26 de abril de 2010
Pães e circos
BLOG, Cine PE 2010, Cinema
Segunda e última noite da Mostra PE traz da arte à política
Por Eva Jofilsan
Fotos de Alexandre Sá
O encerramento da mostra que abre o XIV Cine PE, assim como na noite anterior, lotou o clássico cinema São Luiz (a fila para entrar dobrava o quarteirão da Rua da Aurora com a Avenida Conde da Boa Vista). Realmente, um ponto positivo na mostra deste ano: em 2009, o evento foi realizado no Cinema da Fundação, o que causou uma série de problemas por conta da falta de estrutura do lugar para comportar tal evento.

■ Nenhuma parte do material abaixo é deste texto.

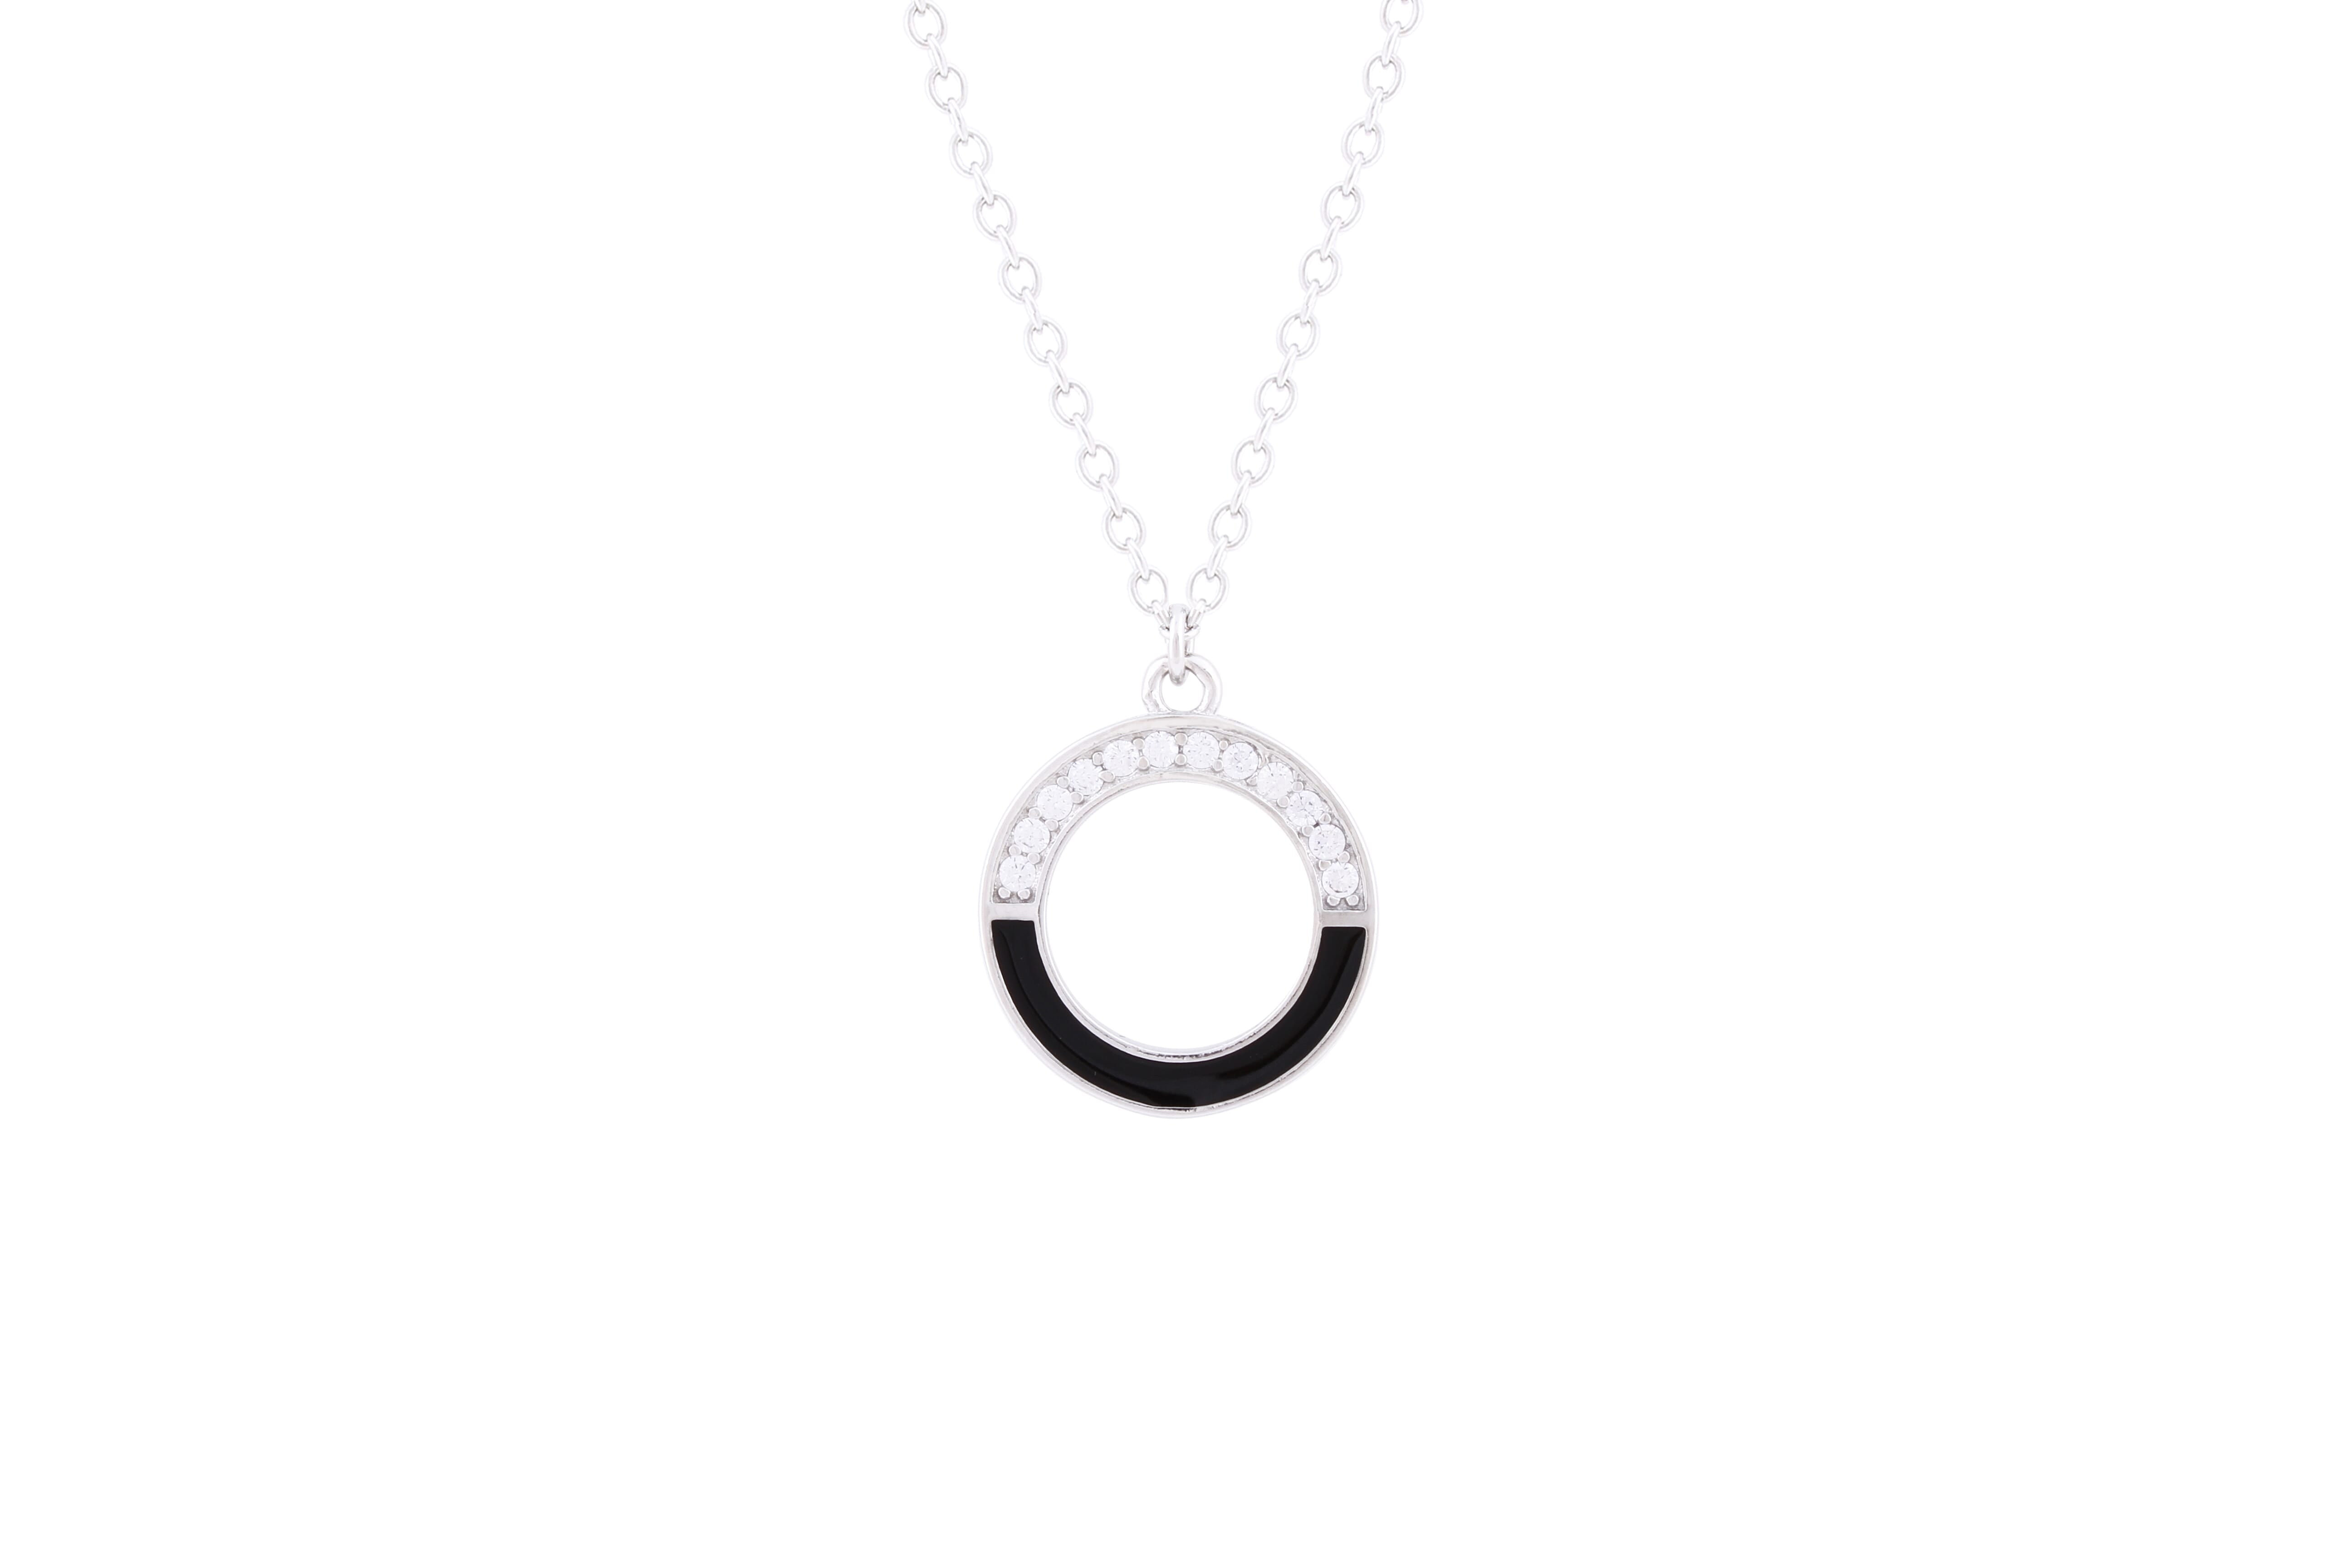 Asfour Sterling Silver Round Necklace Inlaid With Zircon Stones ND0011

Porém, assim como no ano passado, boa parte do público era de parentes e amigos dos realizadores. Alguns já conhecidos do público do festival, como Luci Alcântara (que no ano passado estreou o longa “Geração 65: Aquela coisa toda”, também na Mostra Pernambuco); ou Amaro Filho, da produtora Página 21, que esse ano trouxe o documentário “Tereza - Cor na primeira pessoa”. Outros realizadores estavam apresentando seus filmes pela primeira vez — houve também uma boa leva de filmes universitários, ou realizados como conclusão de cursos de cinema digital. Nesse mix de estreantes e afamados realizadores foi que se deu a noite de ontem.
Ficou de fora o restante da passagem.